Parity check matrix for the Hamming code Ham(2,7)

Question

I'm trying to figure out how to construct a parity check matrix for a Ham(2,7) where Ham(2,7) is Ham(r,q). I really don't understand where the columns of matrix come from my Text Book says to list all the non-zero r-tuples in V(r,q) with first non-zero entry equal to 1 in lexicographical order but I'm sure how to do that either. Any help or insight would be appreciated. The only thing I have worked out is n=8 and k=6 but I could easily be wrong.

Answer 1

I'm assuming that by $\mathrm{Ham}(2, 7)$ you mean the linear $[7, 4, 3]$ Hamming code, which I'll refer as $\mathscr{C}$ below. Since the code is $(x_1, x_2, x_3, x_4) \mapsto (x_1, x_2, x_3, x_4, x_1 \oplus x_2 \oplus x_3, x_2 \oplus x_3 \oplus x_4, x_3 \oplus x_4 \oplus x_1)$, where the $\oplus$ is the exclusive-or, the (a?) generator matrix is:

$G = \begin{bmatrix} 1 & 0 & 0 & 0 & 1 & 0 & 1 \\ 0 & 1 & 0 & 0 & 1 & 1 & 0 \\ 0 & 0 & 1 & 0 & 1 & 1 & 1 \\ 0 & 0 & 0 & 1 & 0 & 1 & 1 \\ \end{bmatrix} $

where the code $\mathscr{C} = \mathrm{im}\ G = \{xG \mid x \in \mathbb{F}_2^4\}$

Since the parity check matrix $H$ is the $7 - 4 = 3$ rank $3 \times 7$ matrix such that $Hc^T = 0 \ \ \ \forall c \in \mathscr{C}$, the following is satisfied : $HG^T = 0$.

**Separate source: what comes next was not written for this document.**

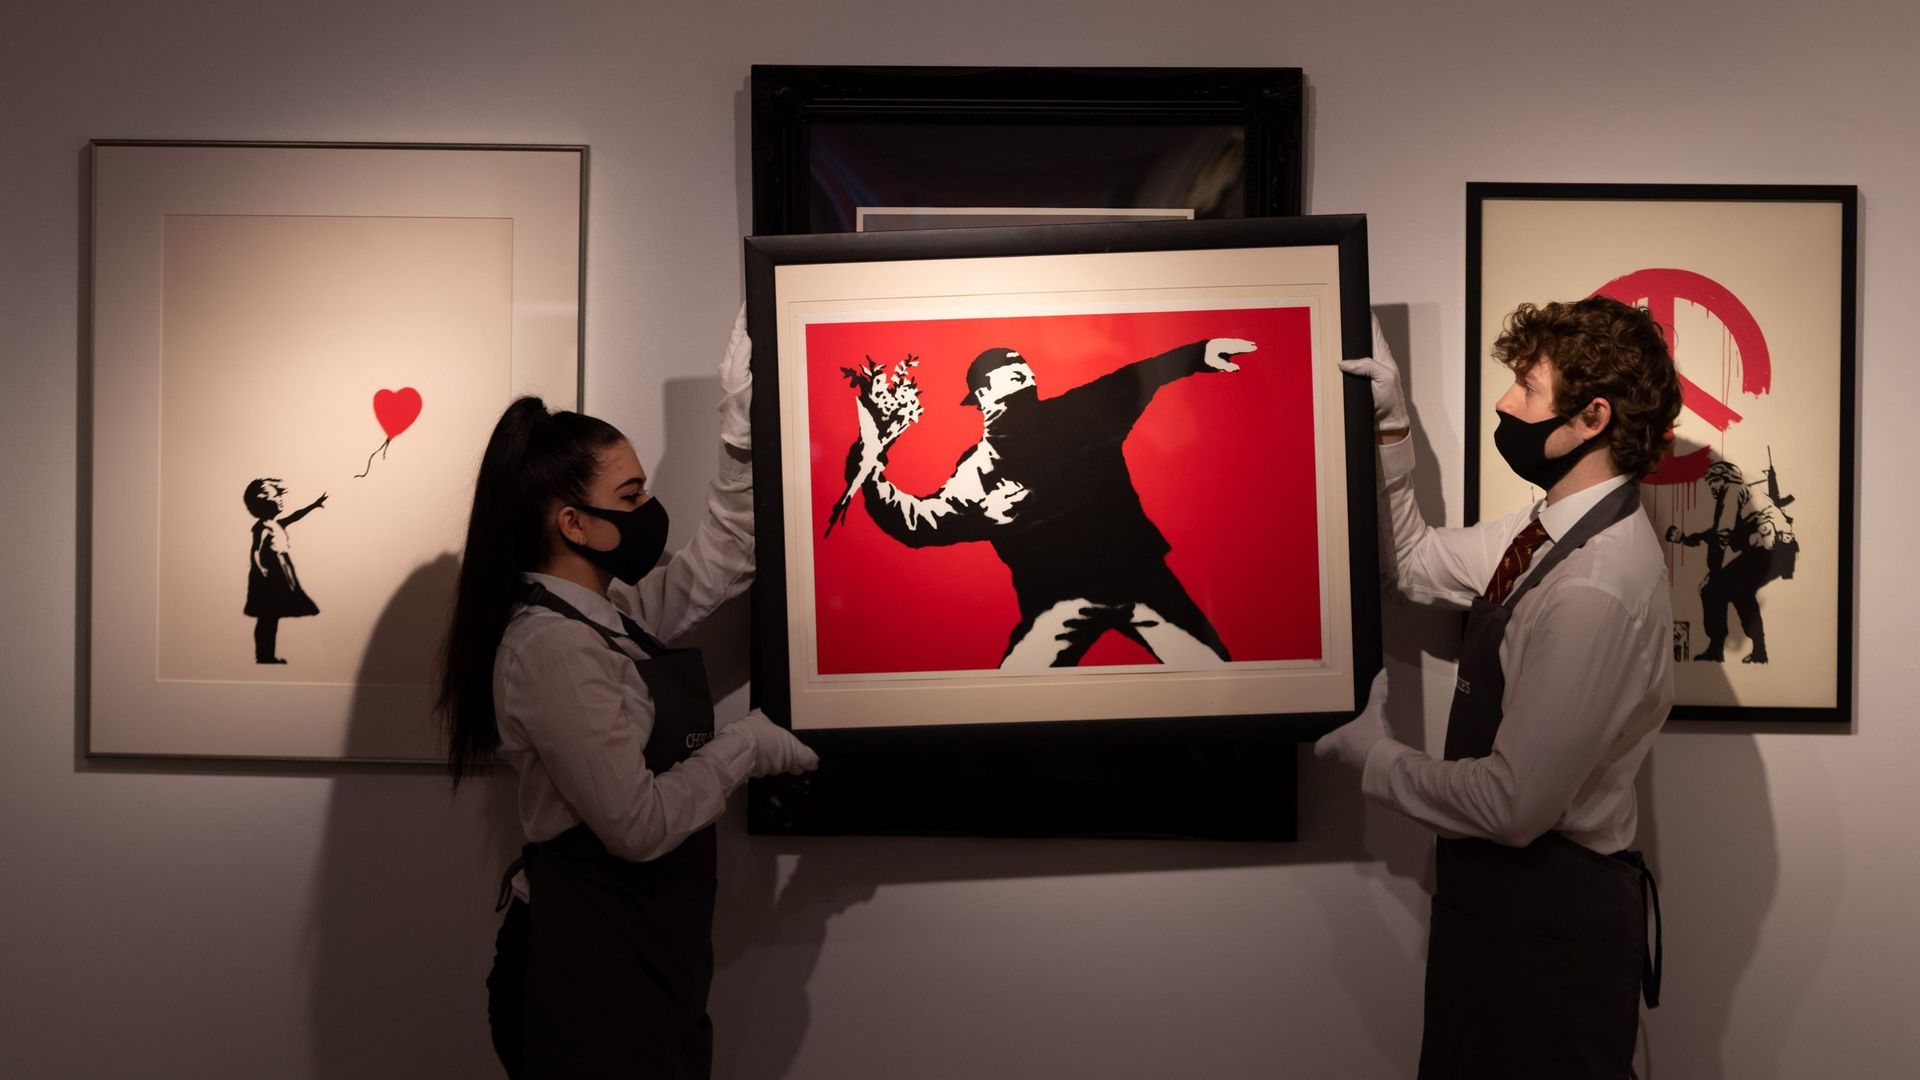 L’œuvre "Love is in the Air de Banksy" est exposée pendant les préparatifs de la vente en ligne à la maison de vente aux enchères Christies, le 26 mars 2021 à Londres, en Angleterre. La vente comprend "The Prints & Multiples" et "Banksy : I Can’t Believe

The matrix $G$ is in the form $[I_4 \mid A]$. Consider the matrix $H' = [-A^T \mid I_3]$. $\mathrm{rank}\ H' = 3$. What is $H'G^T$? You can prove that $H'G^T = -A^TI_4 + I_3A^T = 0$. Indeed, then, $H = H'$ is a parity check matrix for $\mathscr{C}$. Lets write down $H$ now:

$H = \begin{bmatrix} 1 & 1 & 1 & 0 & 1 & 0 & 0 \\ 0 & 1 & 1 & 1 & 0 & 1 & 0 \\ 1 & 0 & 1 & 1 & 0 & 0 & 1 \\ \end{bmatrix} $

If you read the $H$ in binary the numbers are $[5, 3, 7, 6, 1, 2, 4]$. This is not in lex-order. It will indeed come out to be in lex-order for some $G' \neq G$, but it does not matter. $G$ is indeed a generator matrix for $\mathscr{C}$ and $H$ is the corresponding parity check matrix. Note that what really matters is that the space spanned by the rows of $H$ should be orthogonal to the code $\mathscr{C}$. Since the criterion you mentioned (lex-order) is according to columns, it is not necessary that such a $H$ will be found from our $H$ even by some elementary row operations (for example, because, our $G$ could have some permuted columns).